The storm was an Atlantic depression which formed on Saturday west of Ireland, and swept towards Britain, abnormal in its force. Its winds, which peaked at 97mph at The Mumbles headland near Swansea, were slightly less fierce than those of the 1987 storm and the "Burns Night" storm of 1990, both of which exceeded 100mph, but its barometric pressure dropped to 951 millibars, the deepest low recorded in Britain in October, deeper even than the Great Storm's depression of 13 years ago. The storm brought more than 80mm (just over 3ins) of rain in 24 hours.

Its effect on transport was unprecedented. No fewer than 13 train operating companies cancelled most of their services, with many of London's main stations closed for the day. Callers to the national rail inquiry service were met with a recorded message referring them to an internet website, and only a trickle of services managed to reach the capital during the morning. Services began again later, but travellers are asked to seek information before setting out today.

On the roads, many stretches of motorway were closed and huge traffic jams built up on all the major routes, including the M1, M3, M4 and M25. Hundreds of other roads were blocked by flooding and debris, and at one stage the Automobile Association was taking more than 2,000 calls an hour, twice as many as usual.

More than 6,000 cross-channel ferry passengers were stranded for up to 20 hours off the Kent coast after the port of Dover was closed at the height of the gale, forcing six ferries had to take shelter in a natural harbour near by. More than a hundred flights from Heathrow and Gatwick airports were cancelled because of hazardous take-off conditions caused by the wind.
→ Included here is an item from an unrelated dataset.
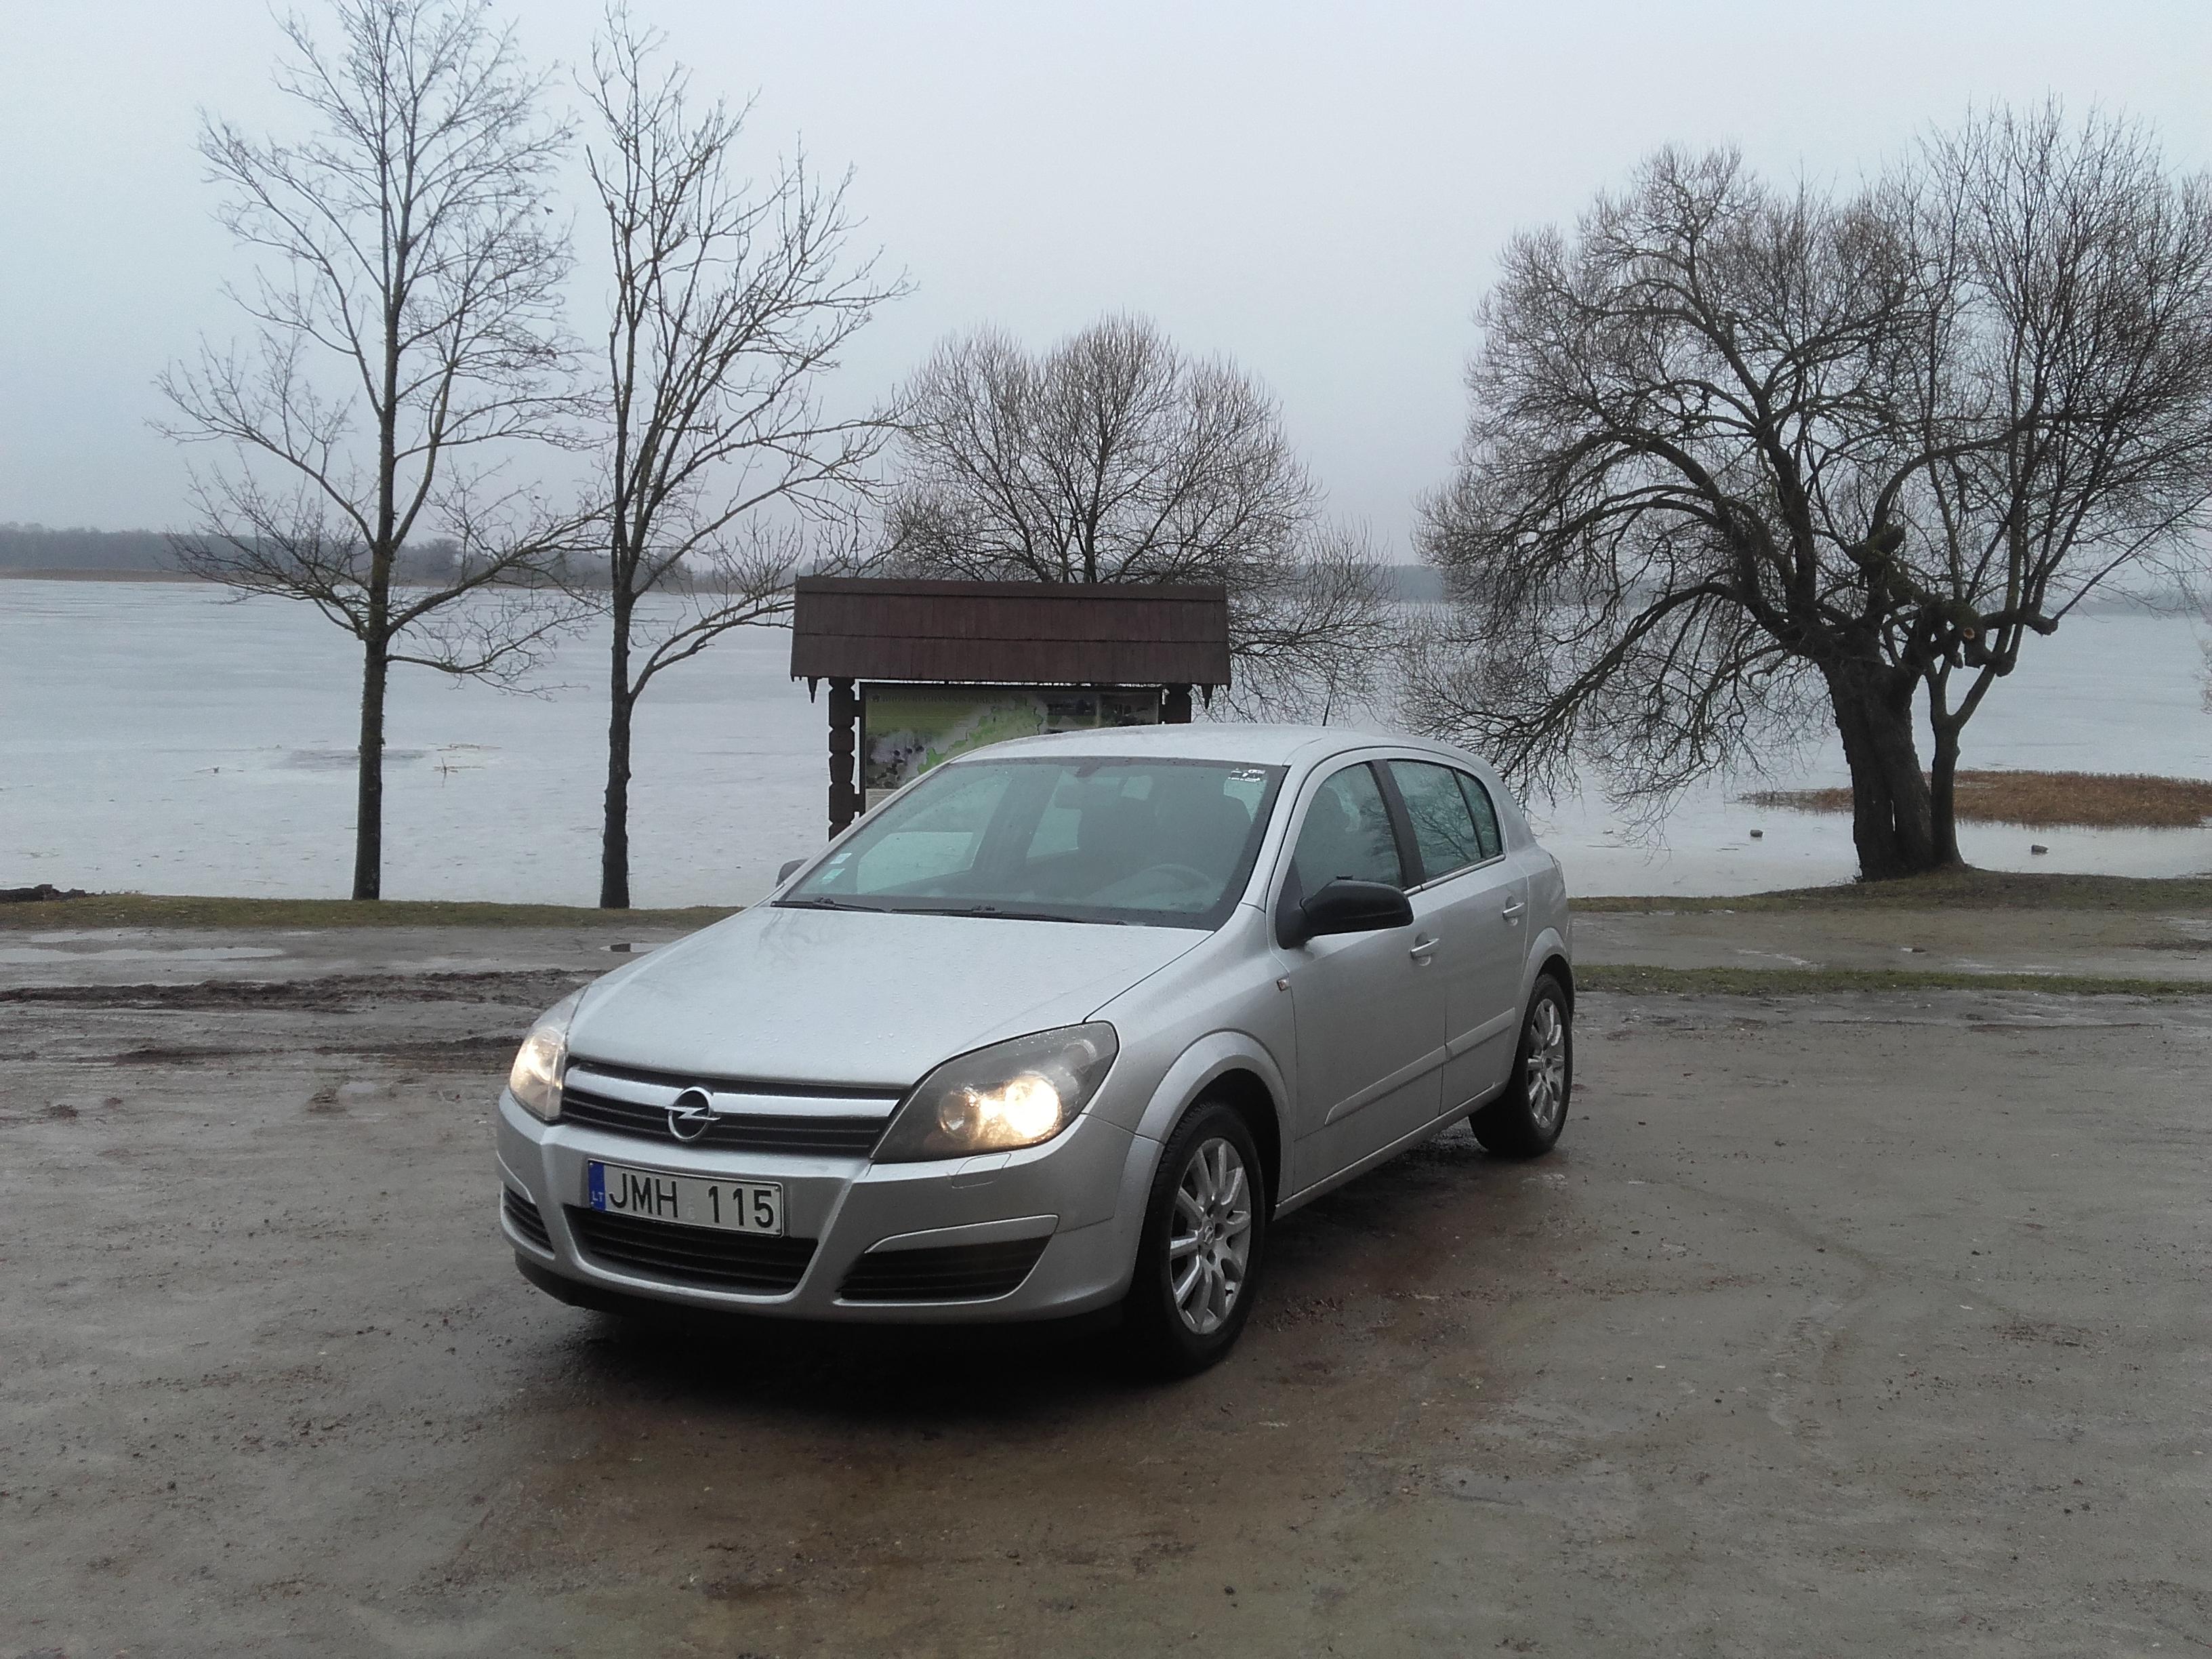 Opel Astra 2005 metų 1,7TDI

The situation was made worse because many flight crew were unable to get to the airports.

The three people who died in the storm were a motorocyclist who crashed into a tree near Taunton, Somerset, a person whose car was crushed by a falling tree on the A3, near Hindhead, Surrey, and a man in south London whose car hit surface water and skidded into a parked car and then a bus.

Several London tourist attractions were closed, including Kew Gardens, where trees were believed to be unsafe, and the Millennium Wheel, where winds damaged glass on six of its 32 capsules.

Although the South was worst hit, areas further north did not escape the deluge. Flood warnings were issued for the rivers Derwent, Dove, Sence, Soar, Trent and Wreake, while blizzards and floods brought rush-hour misery to parts of Yorkshire, Lancashire and Greater Manchester.

Mr Meacher said yesterday: "It would be wrong, every time there is a climatic impact, toassume that it is climate change, global warming, but it is a pattern which is beginning to develop." The gales "almost certainly have climate change as a contributory cause", he said.